(Original title: Langzeitbehandlung ernes Kindes mit
Neurodermitis. Der Merkurstab 1998; 51:
165-6. English by A. R. Meuss, FIL, MTA.)
Following uncomplicated gestation and birth, L. H., a boy, was first seen for
diaper rash at about 4 weeks of age. His father suffers from a severe neurodermatitis
that required a number of periods in hospital and special climates.
His mother suffers from acne and a mild degree of renal failure. Two younger
siblings have less severe neurodermatitis and asthma.
The newbom infant had had a sensitive skin, with "acne of the newborn”
Dermatomycosis of gluteal folds and marked candidiasis diaper rash.
Severe seborrheic dermatitis also developed. At age of about 8 weeks this had
become a typical generalized neurodermatitis. The child was breastfed and
initially developed well, weighing 8 kg at about 3 months.
When he was about 5 months, a period of serious inflammatory and purulent
processes began, with superinfection of the skin, taking among other things
the form of herpetic eczema, otitis and conjunctivitis. Numerous attempts at
treatment based on the anthroposophical approach or using the homeopathic
armamentarium proved unsuccessful at this time. He was given zinc, for
instance, potentized sulfur, Bryophyllum, treatment for shock with Argentum,
oral quartz, Conchae, Causticum, Tuberculinum, Medorrhinum in
various potencies and combinations. None of these brought a change, nor did
other attempts at treatment (Schuessler's biochemic salts, classical homeopathy).
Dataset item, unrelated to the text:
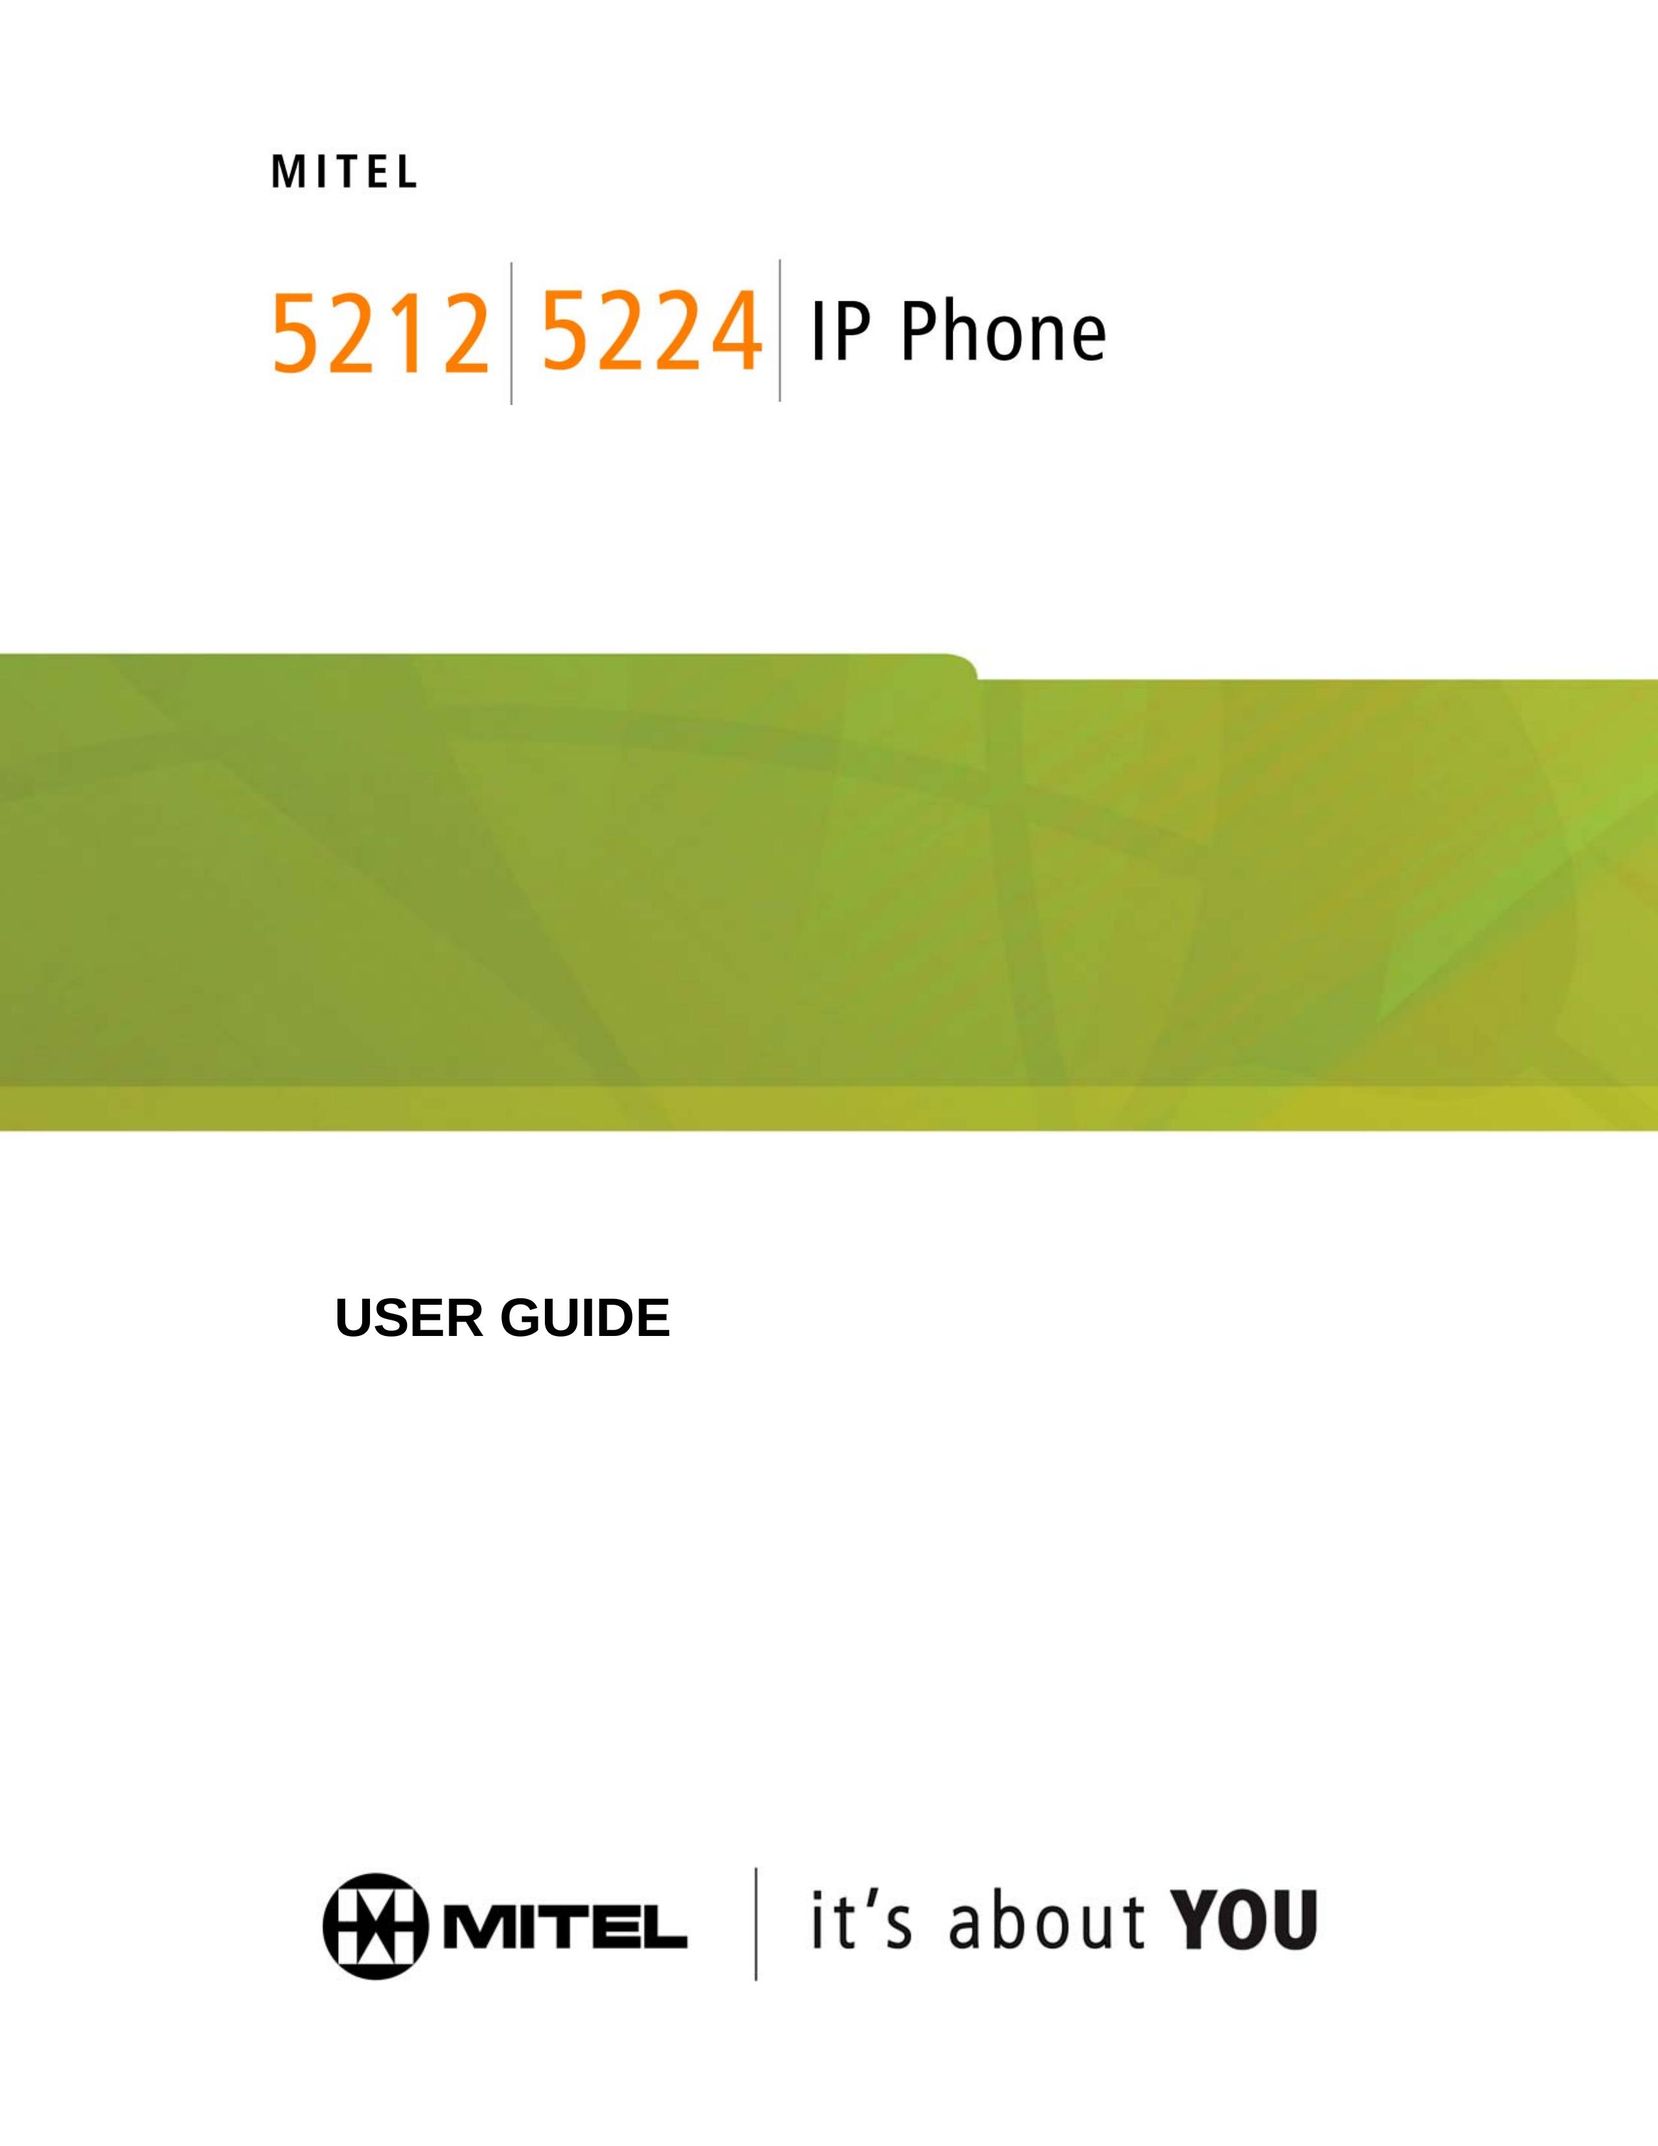 NEC 5224 IP Phone User Manual

They did not put an end to the serious reduction in quality of life
due to constant, tormenting pruritus. Treatment consisted in a permanent
strict diet, eliminating all foods that were not tolerated, with detailed records
kept, intestinal flora substitution and numerous medical treatments,
including constitutional medication. Protein-loss enteropathy continued in
spite of all treatment. Long-term nutrition using hydrolysates also had
relatively little effect initially.
The boy was finally admitted to the Filder Clinic. His weight, a good 8 kg
at 3 months, had now gone down to about 7 kg. Notable laboratory findings
were extreme hypoproteinemia and extreme protein shift, with
immunoglobin E levels elevated to 10,000 IU. Hydrolysate nutrition did
result in weight gain, but there was no change in the pruritus and generally
reduced condition. A first major improvement came with a visit to Portugal.
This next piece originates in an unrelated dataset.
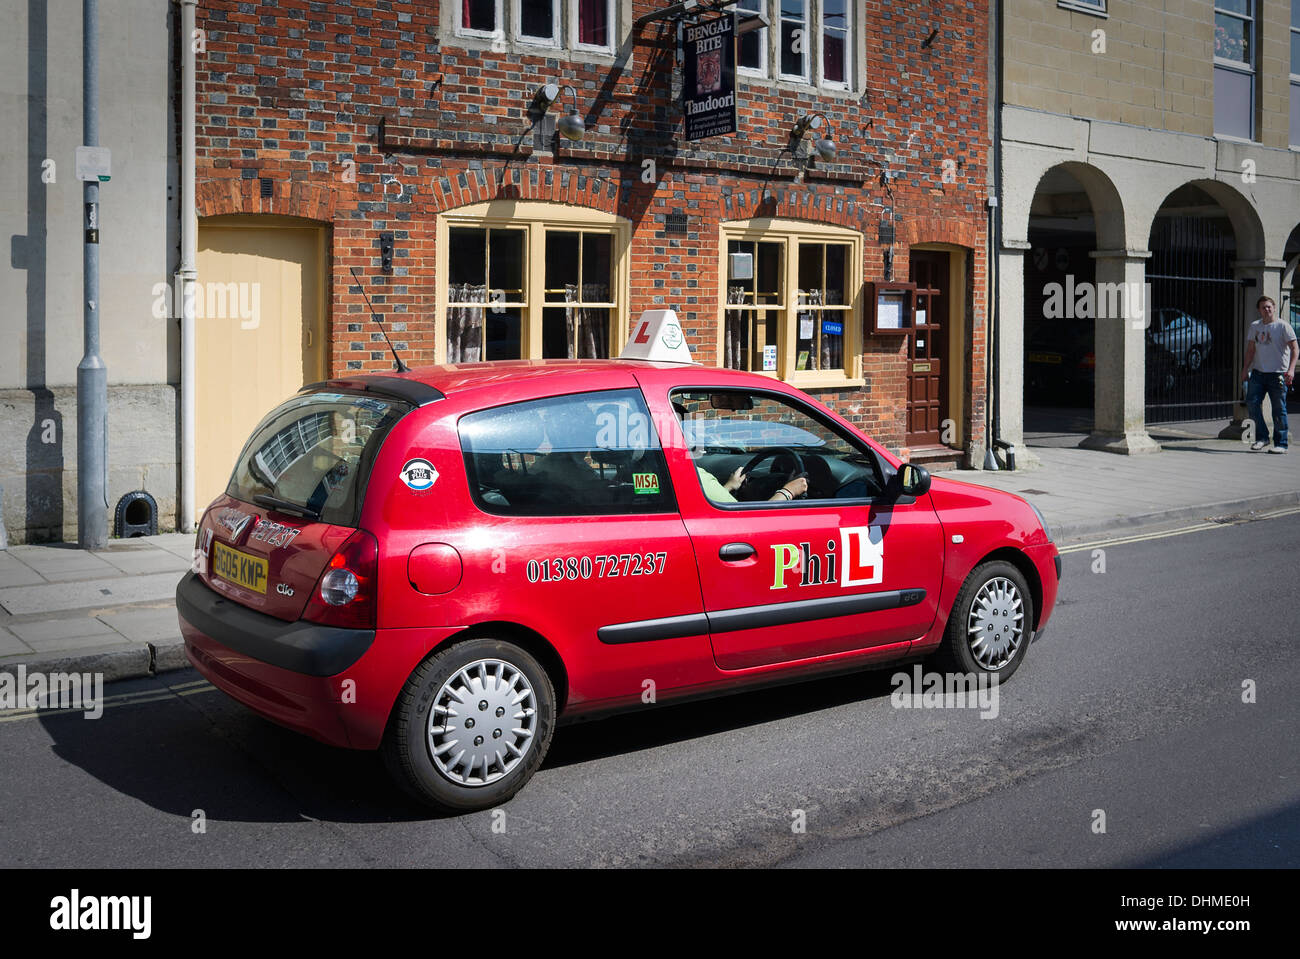 Voiture Renault Clio rouge utilisé pour l'enseignement de la conduite au Royaume-Uni Banque D'Images

The boy had also developed asthma at 15 months. This had resulted in
additional treatment, also on an inpatient basis, and injections of an
unidentified preparation by a non-medically qualified practitioner which had
resulted in fatty tissue necrosis. The boy's general condition had gradually
improved with the hydrolysate diet, though his skin was still bad, with the
pruritus markedly affecting his quality of life. Long-term gastrointestinal
treatments with symbiotic cultures and lactobacilli had contributed to this.
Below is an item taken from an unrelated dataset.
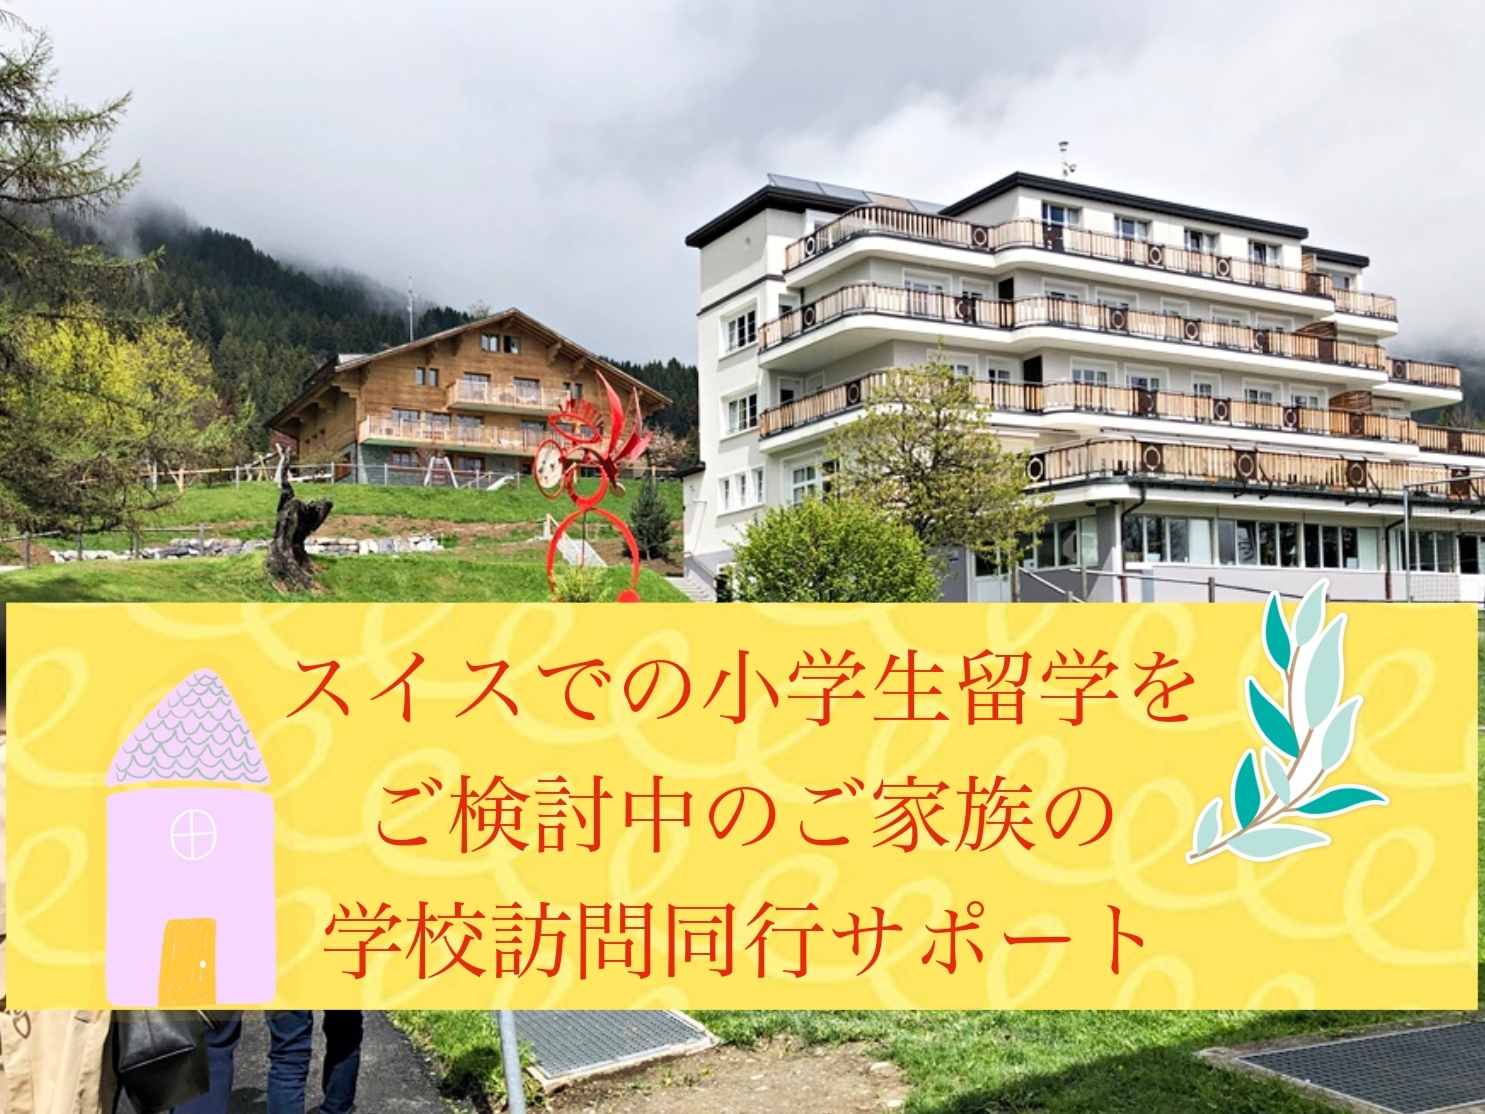 スイスでの小学生留学をご検討中のご家族の学校訪問同行サポート

Recurrent inflammatory episodes had again and again caused the skin
condition to worsen, followed by improvement, and much the same applies
to the recurrent otitis and other febrile illnesses.
Marked stabilization followed a central pneumonia when the boy was a
good three years old. His mental state improved greatly, for he had been
extremely shy, anxious and depressive before. However, asthmatic conditions,
inflammatory conditions and depressive episodes followed one
another again and again during preschool age. Constitutional treatment with
measures to support the liver and promote digestion continued.
When he started school, there was a definite change to a healthy,
competent schoolboy. Asthmatic episodes were merely seasonal, during the
flowering period, and occasionally if he had an infection or got excited. The
skin condition was not brilliant, but the pruritus tolerable. A markedly
depressive mood was evident, especially around his 9th birthday.
The boy had practically no treatment between his 10th and 12th birthdays.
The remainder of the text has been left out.